The problem is that the default datetime generation in *numpy* is in local 
time.

Note that this *is not* the case in Python - it doesn't try to guess the 
timezone info based on where in the world you run the code, if it's not 
provided it sets it to None.

In [7]: pd.datetime?
Type:       type
String Form:<type 'datetime.datetime'>
Docstring:
datetime(year, month, day[, hour[, minute[, second[, 
microsecond[,tzinfo]]]]])

The year, month and day arguments are required. tzinfo may be None, or an
instance of a tzinfo subclass. The remaining arguments may be ints or longs.

In [8]: pd.datetime(2000,1,1).tzinfo is None
Out[8]: True

This may be the best solution but as others have pointed out this is more 
difficult to implement and may have other issues.

I don't want to wait for the best solution - the assume UTC on input/output 
if not specified will solve the problem and this desperately needs to be 
fixed because it's completely broken as is IMHO.

> If you localize to UTC you get the results that you expect. 

That's the whole point - *numpy* needs to localize to UTC, not to whatever 
timezone you happen to be in when running the code. 

In a real-world data analysis problem you don't start with the data in a 
DataFrame or a numpy array it comes from the web, a csv, Excel, a database 
and you want to convert it to a DataFrame or numpy array. So what you have 
from whatever source is a list of tuples of strings and you want to convert 
them into a typed array.

Obviously you can't localize a string - you have to convert it to a date 
first and if you do that with numpy the date you have is wrong. 

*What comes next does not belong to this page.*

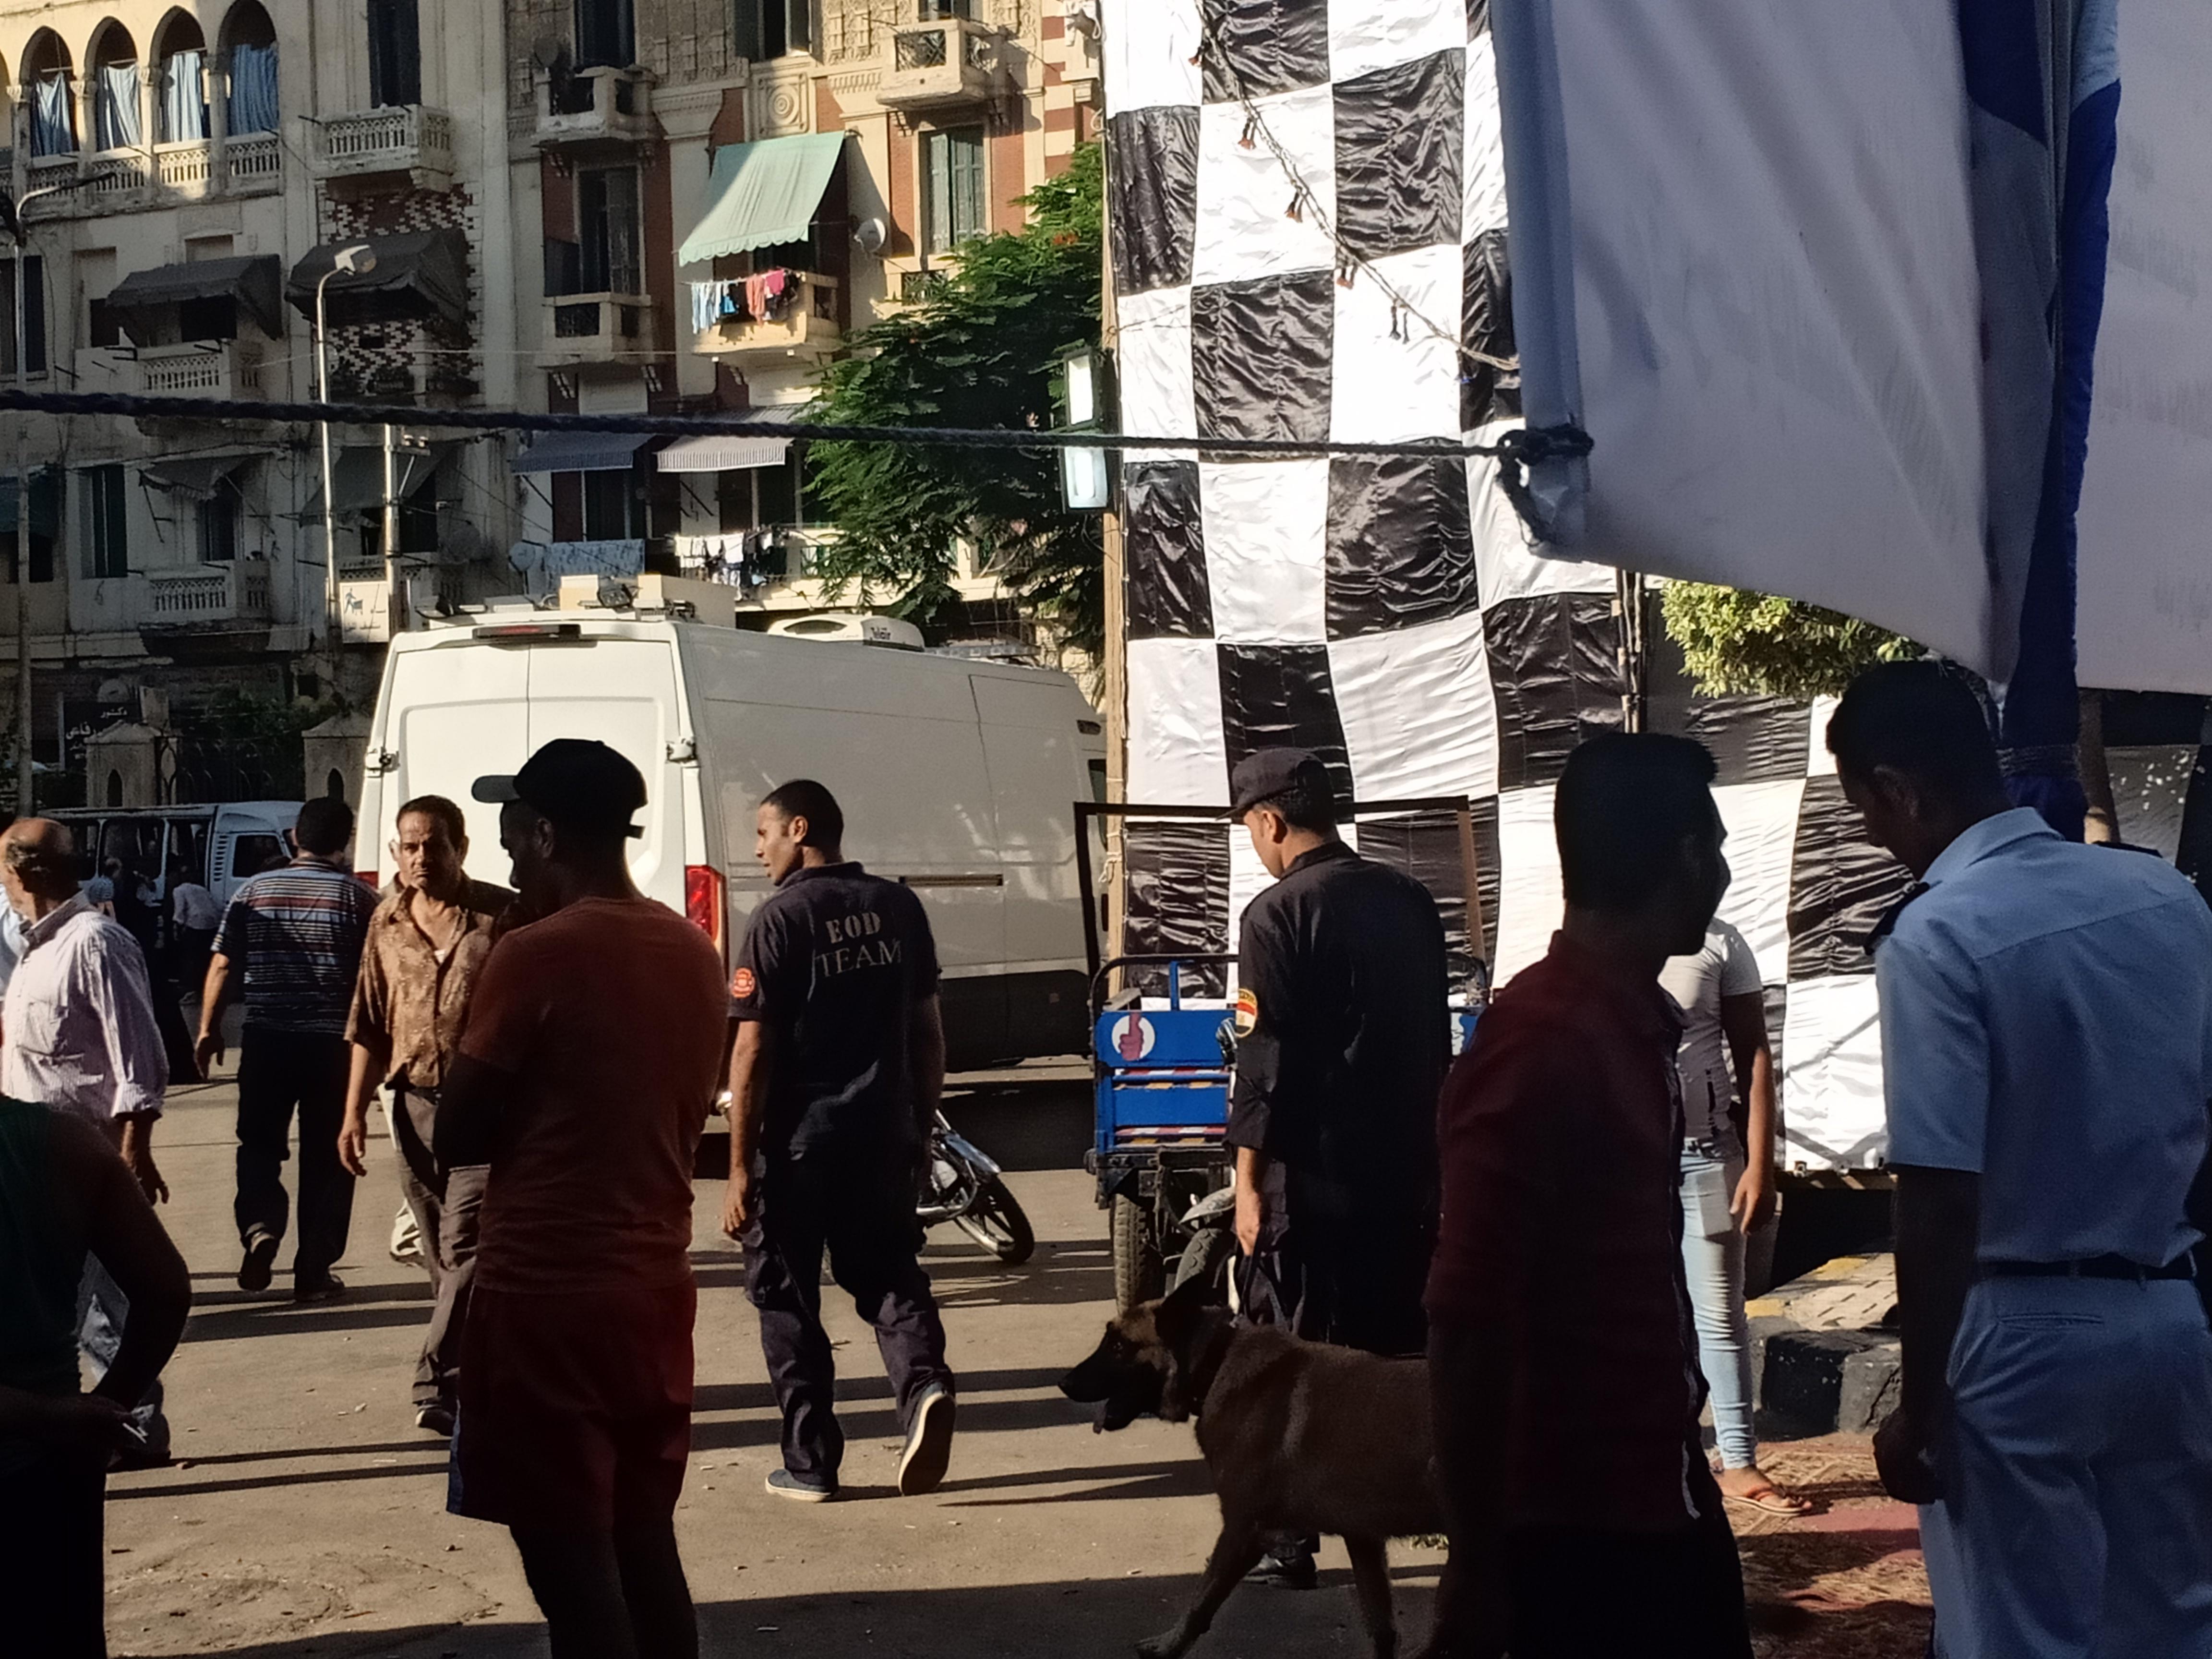 تمشيط ساحة مسجد ابى العباس المرسى بالإسكندرية بواسطه الكلاب البوليسية (3)
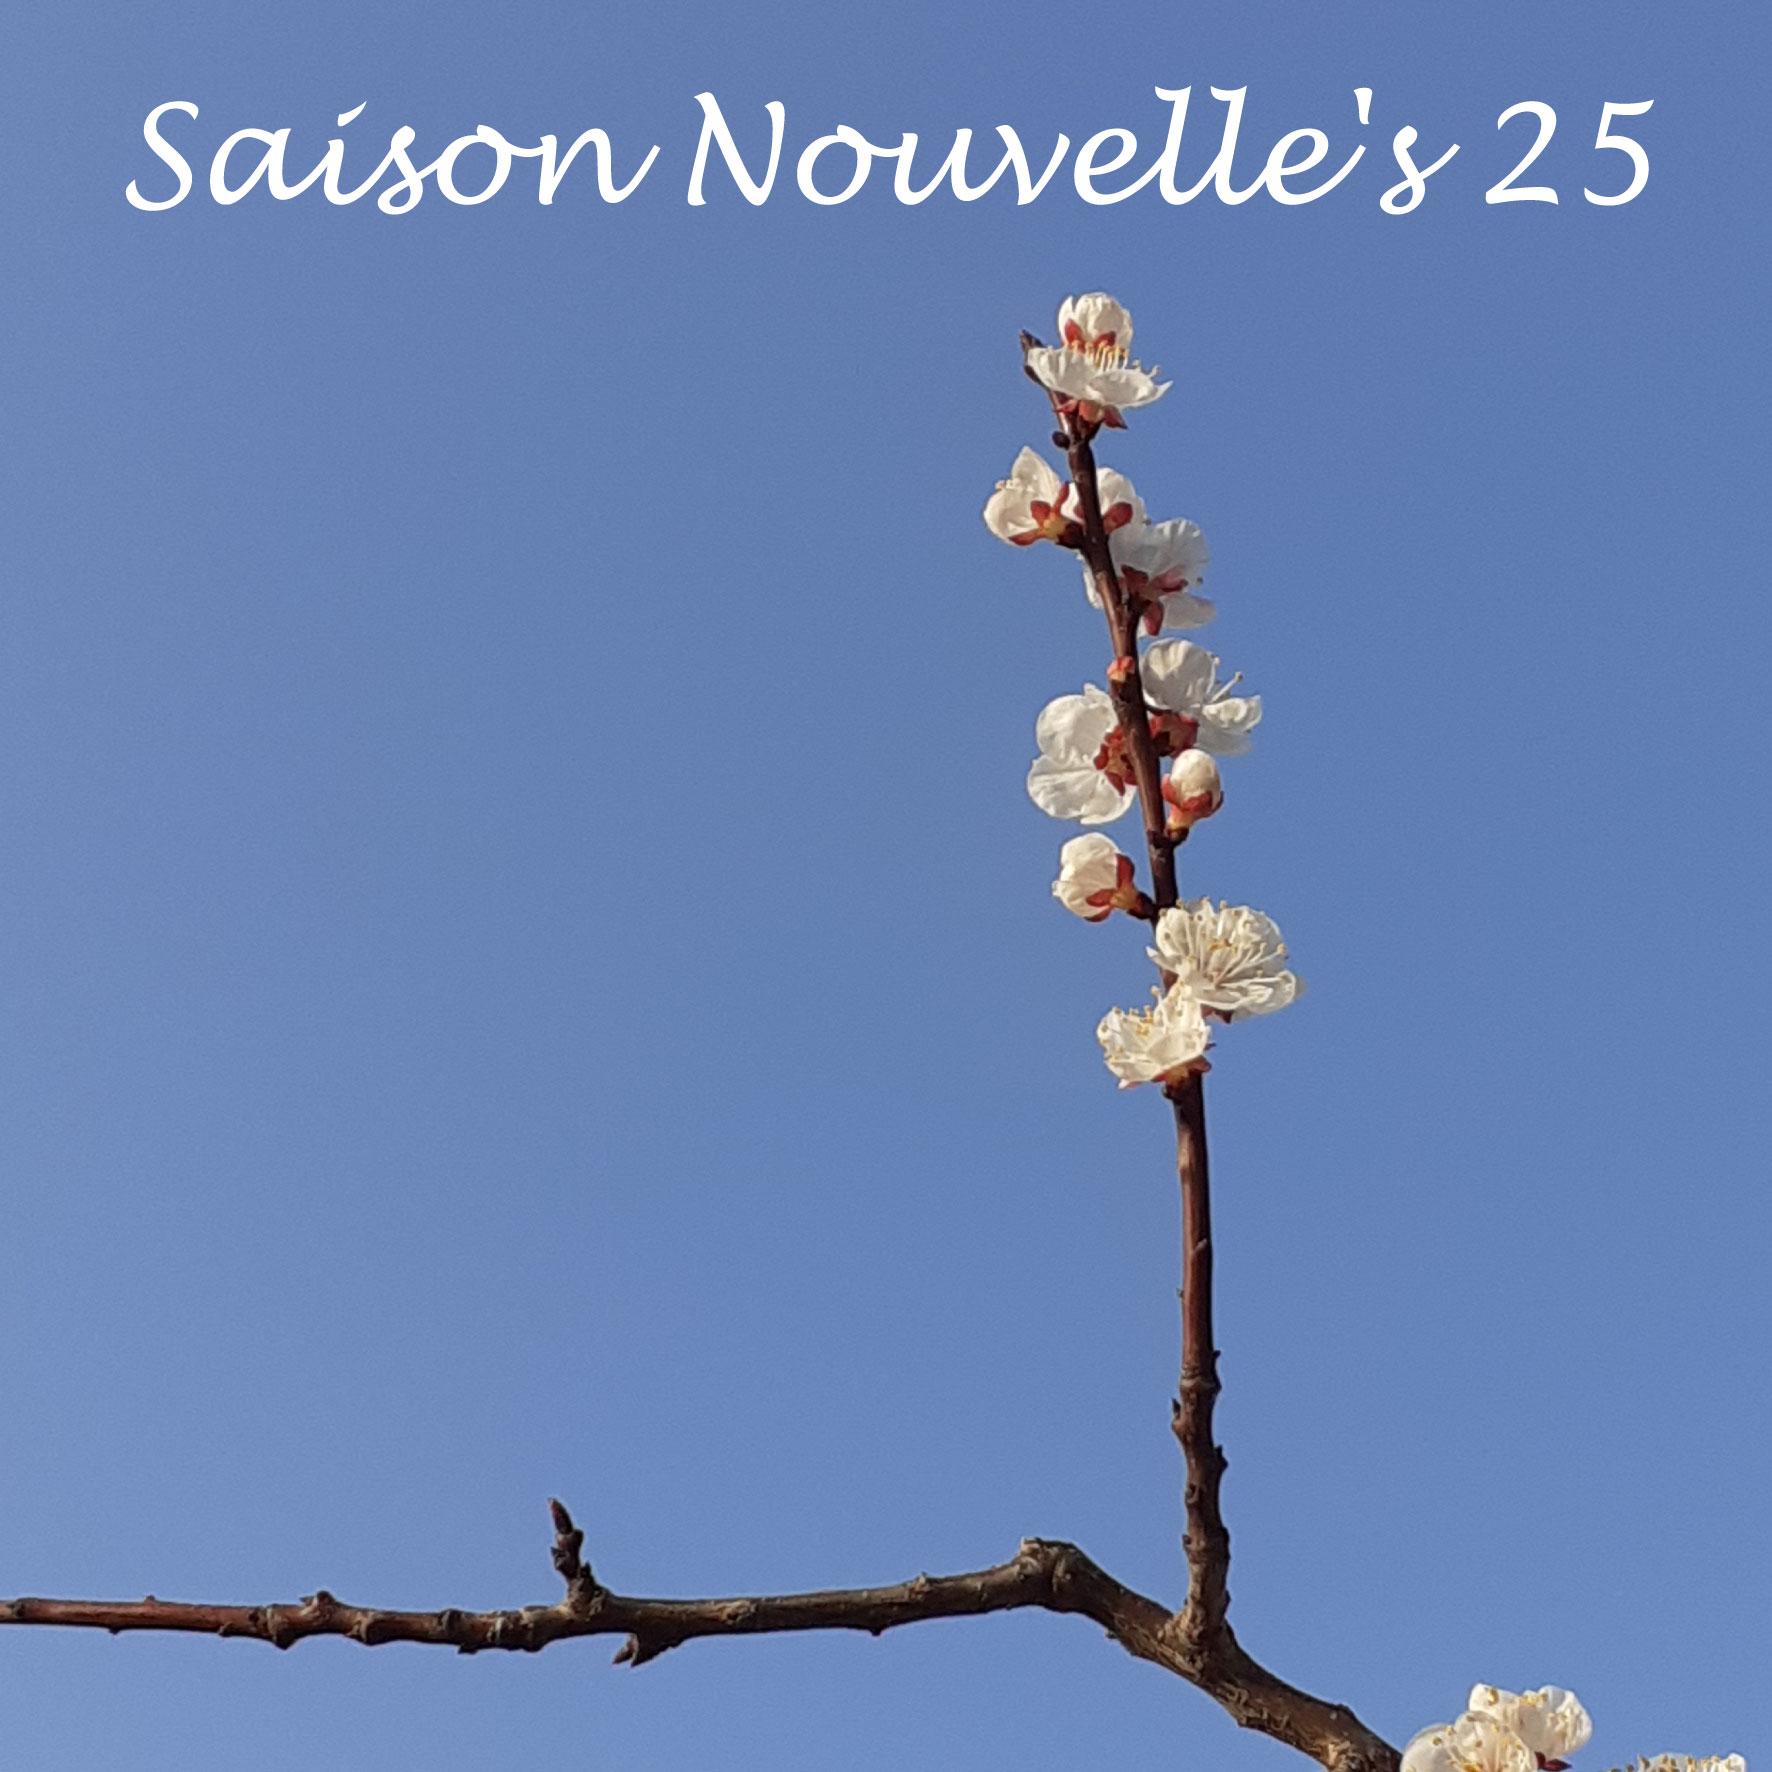 Saison Nouvelle's n°25 – Mars 2021

In [108]: dst = np.array(['2014-03-30 00:00', '2014-03-30 01:00', '2014-03-
30 02:00'], dtype='M8[h]')
     ...: dst
     ...: 
Out[108]: array(['2014-03-30T00+0000', '2014-03-30T00+0000', '2014-03-
30T02+0100'], dtype='datetime64[h]')

In [109]: dst.tolist()
Out[109]: 
[datetime.datetime(2014, 3, 30, 0, 0),
 datetime.datetime(2014, 3, 30, 0, 0),
 datetime.datetime(2014, 3, 30, 1, 0)]

AFAICS there's no way to get the original dates back once they've passed 
through numpy's parser!?

-Dave